Network Loss on ESXi During Physical Switch Reboot or Hardware Failure Without Link State Change
search cancel

Network Loss on ESXi During Physical Switch Reboot or Hardware Failure Without Link State Change

book

Article ID: 426396

calendar_today

Updated On:

Products

VMware vSphere ESXi

Issue/Introduction

  • During a physical network maintenance or switch reboot, virtual machines hosted on ESXi experience a total loss of connectivity despite having redundant physical uplinks.
  • ESXi Host vobd.log shows zero NIC-down events during the outage, which is a key indicator of a silent failure.
  • Since the uplink switch uplink remains in a "Link Up" state from the ESXi perspective, it does not trigger an automatic failover.

 

In the below example scenario, to maintain redundancy, one of the uplinks is connected to the physical switch that will be undergoing a reboot, whereas the other one is connected to another physical switch. The uplink connected to the rebooting switch remains in a "Link Up" state from the ESXi perspective. Consequently, the ESXi host does not trigger an automatic failover to the healthy redundant path, continuing to route traffic towards the unresponsive physical switch.

Environment

VMware vSphere ESXi

Cause

  • This issue occurs because the physical switch enters a state where it is no longer forwarding traffic but still provides enough electrical signaling or "Keep Alive" to the NIC to maintain a physical link-up status.
  • During a reboot or hardware failure, the switch management and control planes may go offline, but the physical port hardware may not effectively "shut down" or "link down" the connected peer (the ESXi vmnic).
  • When the Teaming Policy is set to Link Status Only, ESXi relies strictly on the network card reporting a "Link Down" event (e.g., loss of light or signal).
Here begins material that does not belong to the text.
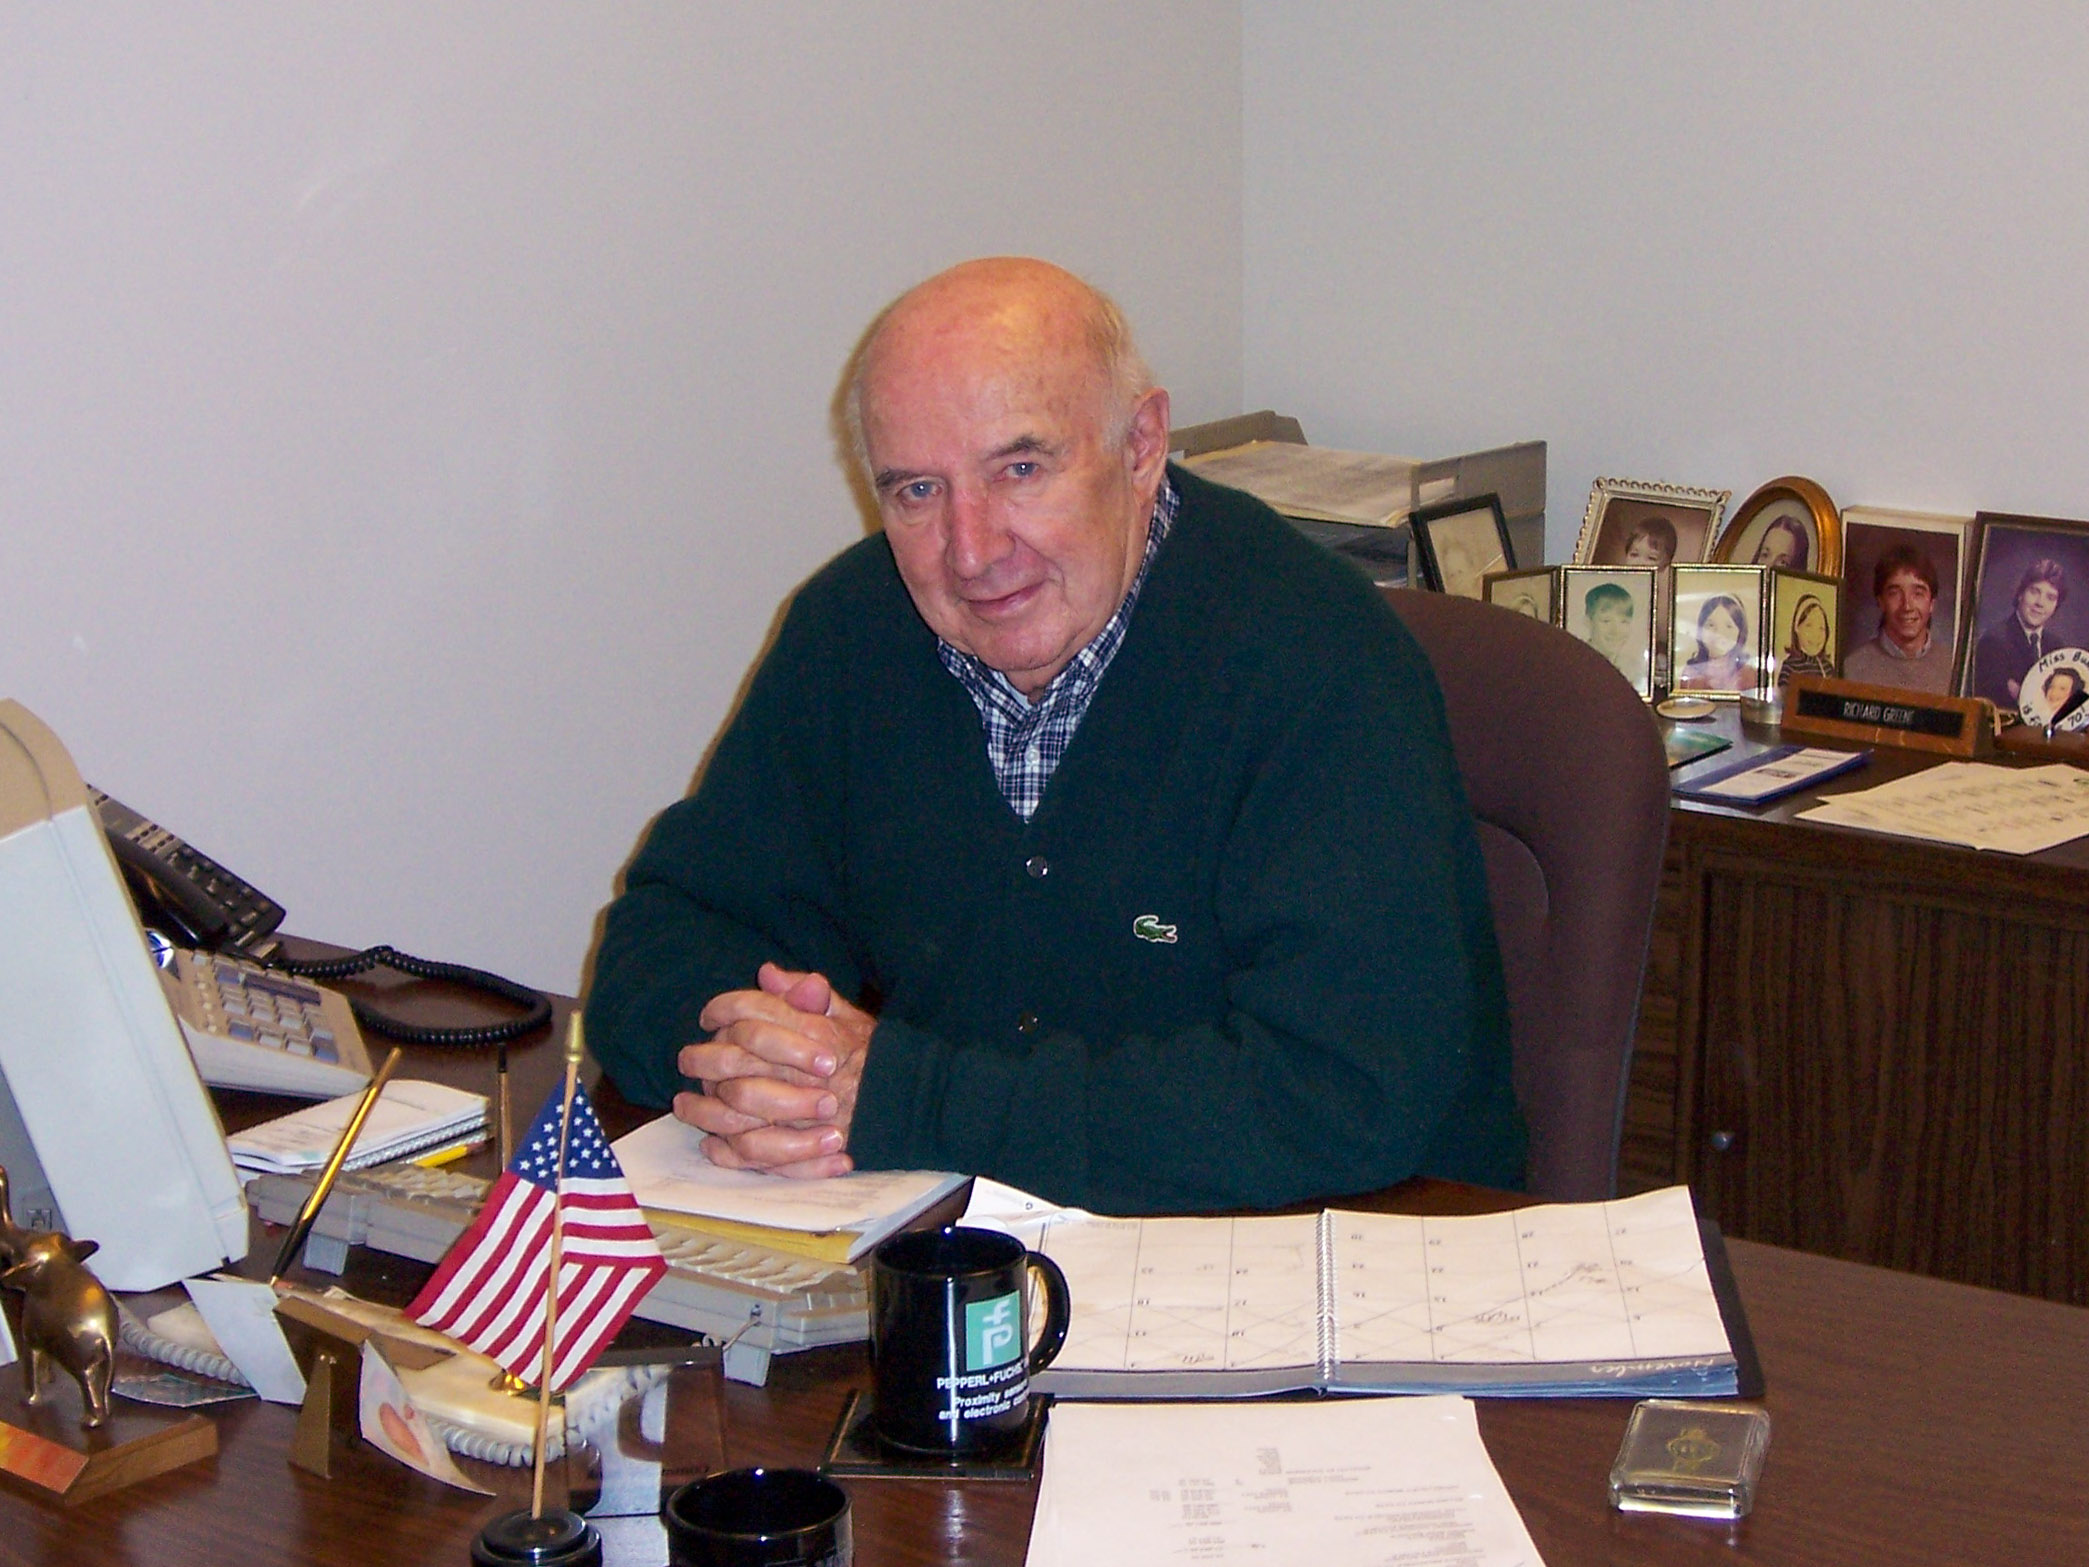 photo of Richard Greene, Company Founder

If the switch port remains physically active but logically dead, ESXi remains unaware of the upstream failure.

Resolution

  • To resolve the immediate connectivity loss, the "dead" path must be manually shut down so that ESXi is forced to use the alternate uplink which resides on a healthy working switch.
  • If a switch is unresponsive or in a "hung" state but maintains a link light, the network administrator should manually shut down the ports on this switch (if applicable) or physically disconnect the cables to force the ESXi host to trigger a failover.
  • In a nutshell:
    • Coordinate with the Physical Network Team to identify the hung switch.
    • Manually administratively shut down (Admin Down) the affected switch ports.
    • Verify that ESXi detects the "Link Down" state and fails over to the healthy redundant path.
    • Evaluate the use of LACP or Beacon Probing to automate this detection.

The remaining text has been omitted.